1. A method of preparing an implantable composition for aiding tissue regeneration, the method comprising:

obtaining intervertebral disc from a human subject;

washing the intervertebral disc with a phosphate buffered saline solution containing antibiotics; and

milling the intervertebral disc into particles to form the implantable composition.

2. The method of claim 1, further comprising rinsing the particles with saline.

3. The method of claim 1, further comprising combining the particles with a cryoprotectant to form a mixture, and freezing the mixture at a temperature of from −80° C. to −180° C.

4. The method of claim 3, further comprising thawing the mixture and decanting the cryoprotectant before use.

5. The method of claim 1, further comprising combining the particles with a carrier solution containing one or more of hyaluronic acid (HA), collagen, aggrecan, chondroitin sulfate, and polyethylene glycol (PEG).

6. The method of claim 1, further comprising culturing the particles in a medium to obtain particles with proliferated cells.

7. The method of claim 1, further comprising treating the particles with an enzyme.
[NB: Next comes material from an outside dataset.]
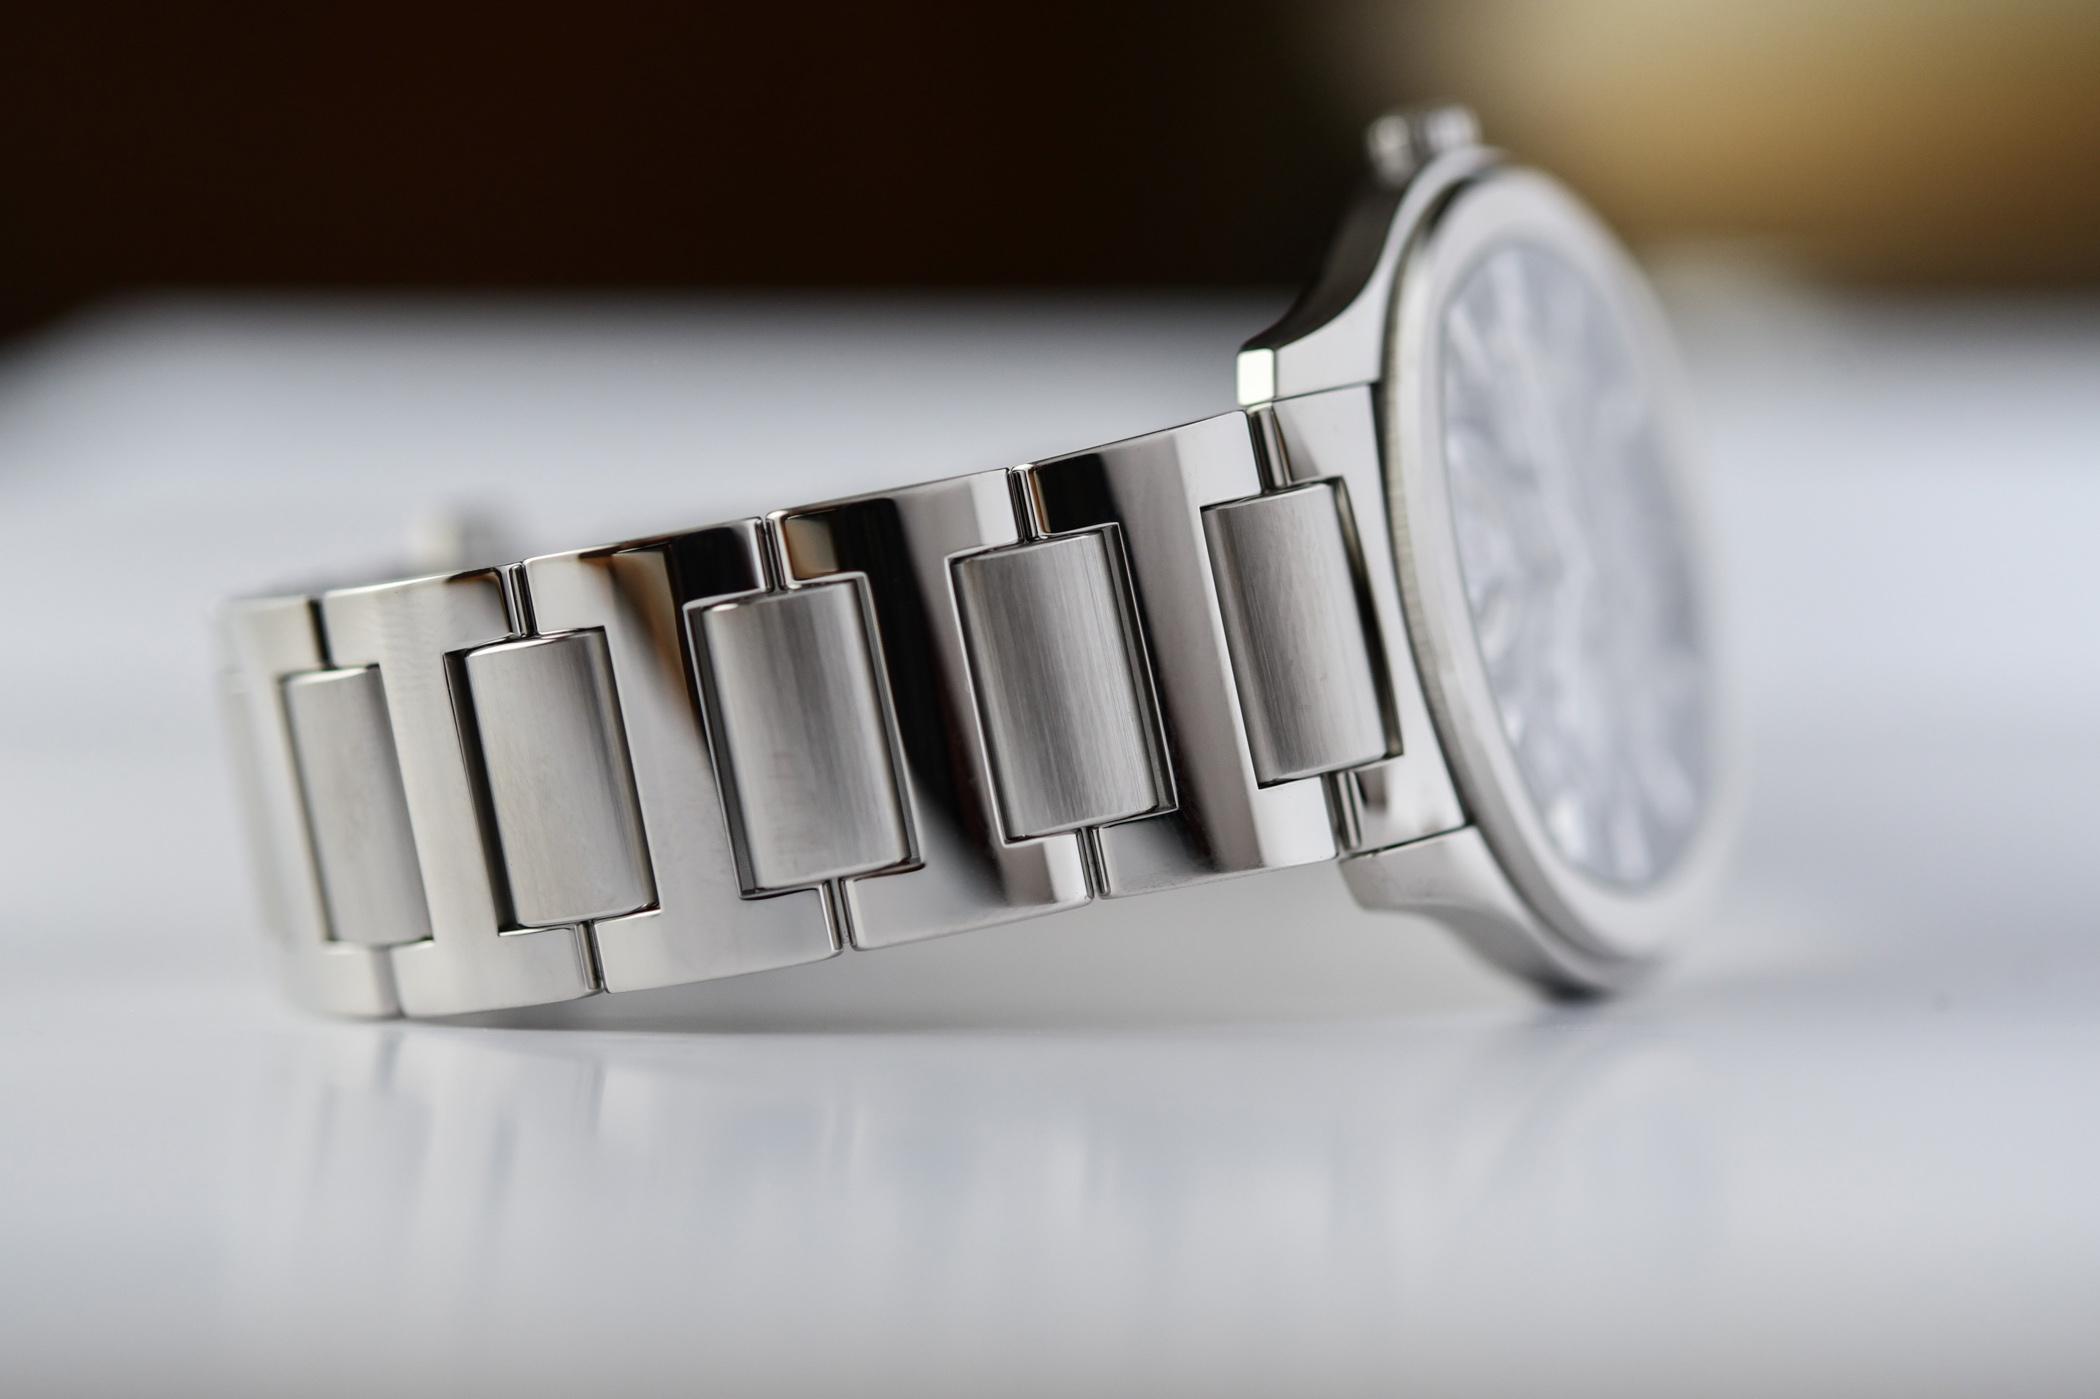 Piaget Polo Skeleton - Calibre 1200S ultra-thin

8. A method of promoting bone or treating degenerated disc in a mammal, the method comprising:

providing a composition of allograft particles derived from human intervertebral disc comprising native collagen, native proteoglycan, and native viable cells; and

administering the composition into a target repair site to facilitate repair or regeneration of tissue at the target repair site.
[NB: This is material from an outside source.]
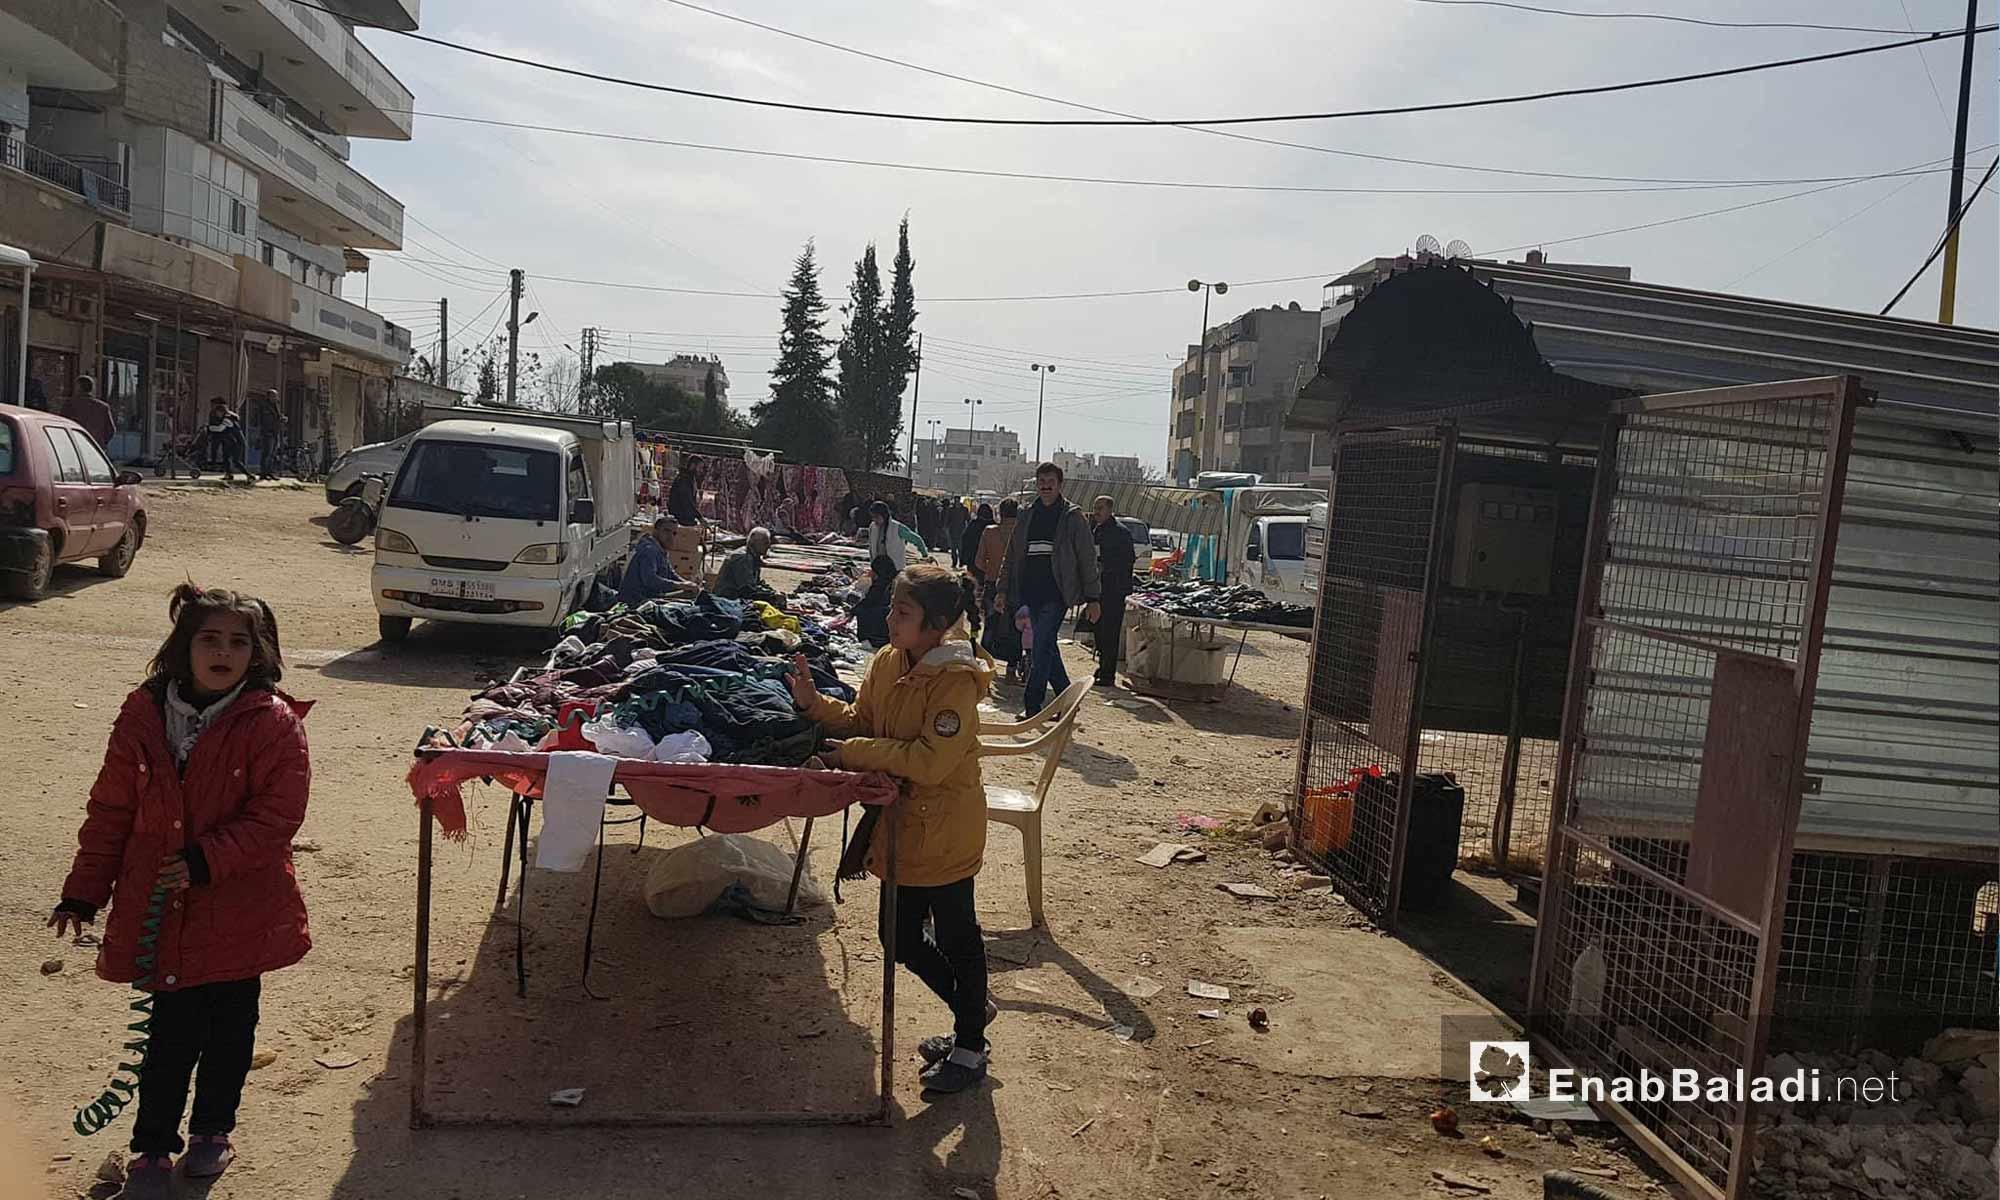 حركة البيع والشراء في سوق حطين في مدينة القامشلي شمالي سوريا - 4 شباط 2018 (عنب بلدي)

9. The method of claim 8, wherein the target repair site is an injury or defect in the spine and the tissue being regenerated is disc or bone.

10. The method of claim 8, wherein the native viable cells comprise chondrocytic cells, notochordal cells, nucleus pulposus stem/progenitor cells, fibrocytic cells, or a combination thereof.
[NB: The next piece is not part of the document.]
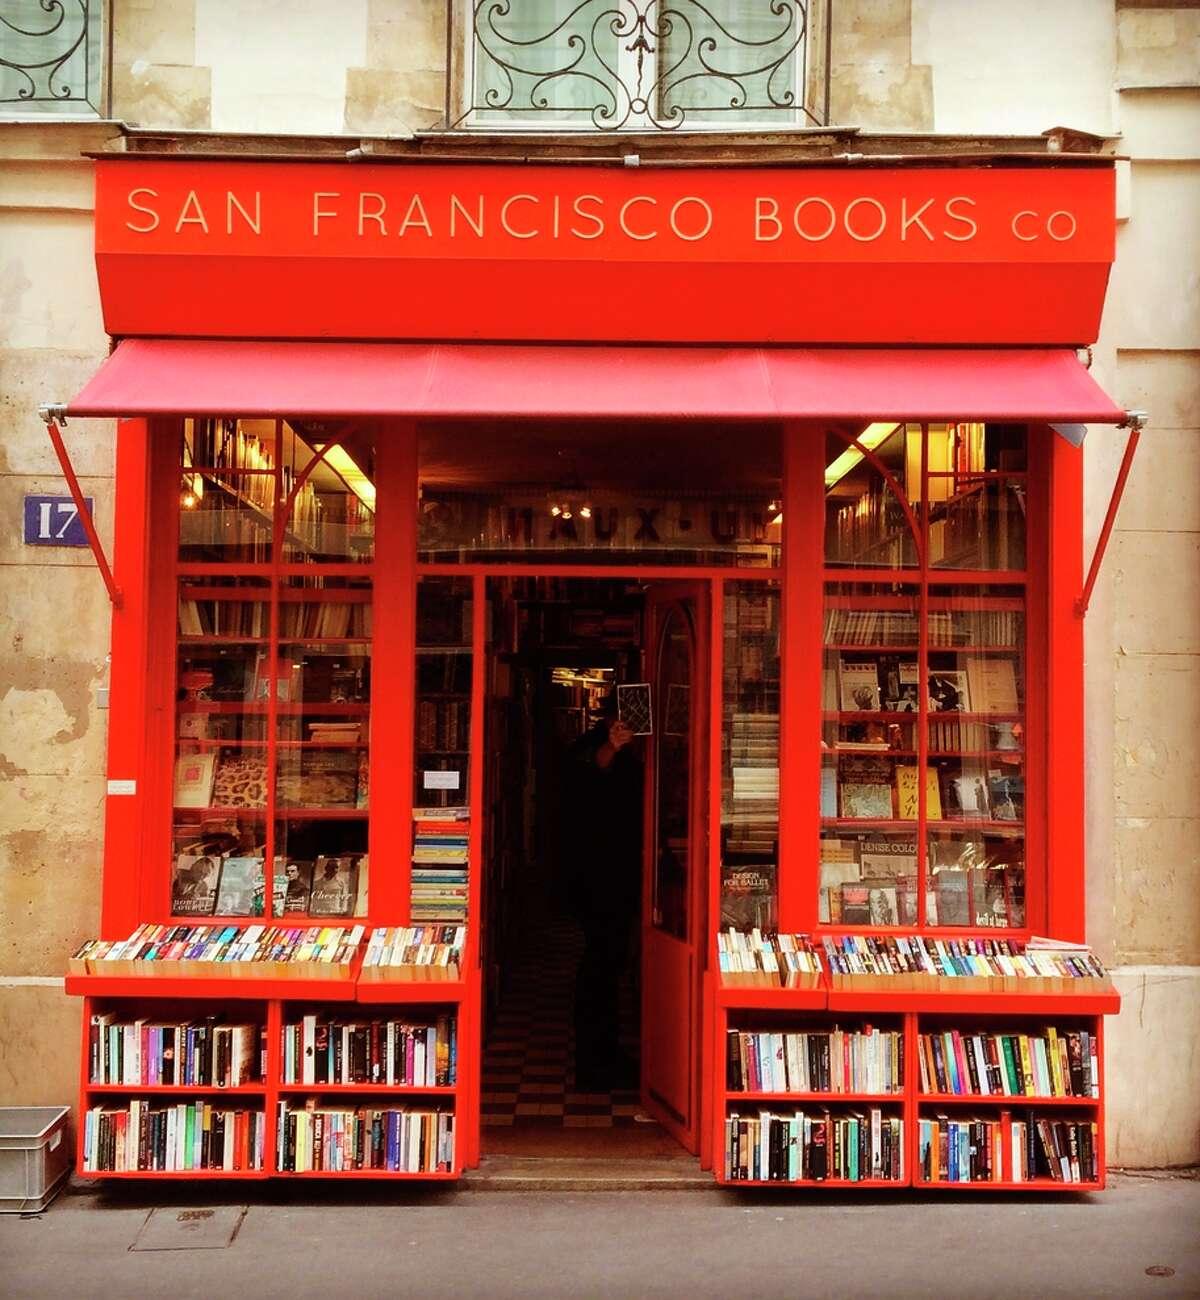 San Francisco Book Co., 17 rue Monsieur le Prince, Paris.

11. The method of claim 81, wherein the native collagen includes collagen I, collagen II, or both.

12. The method of claim 8, wherein the intervertebral disc includes nucleus pulposus, annulus fibrosus, or both.

13. The method of claim 8, wherein the particles have a particle size ranging from about 250 microns to about 3 mm.

14. The method of claim 8, further comprising a cryoprotectant.

15. The method of claim 8, further comprising a carrier solution.

16. The method of claim 15, wherein the carrier solution includes one or more of hyaluronic acid (HA), collagen, aggrecan, chondroitin sulfate, and polyethylene glycol (PEG).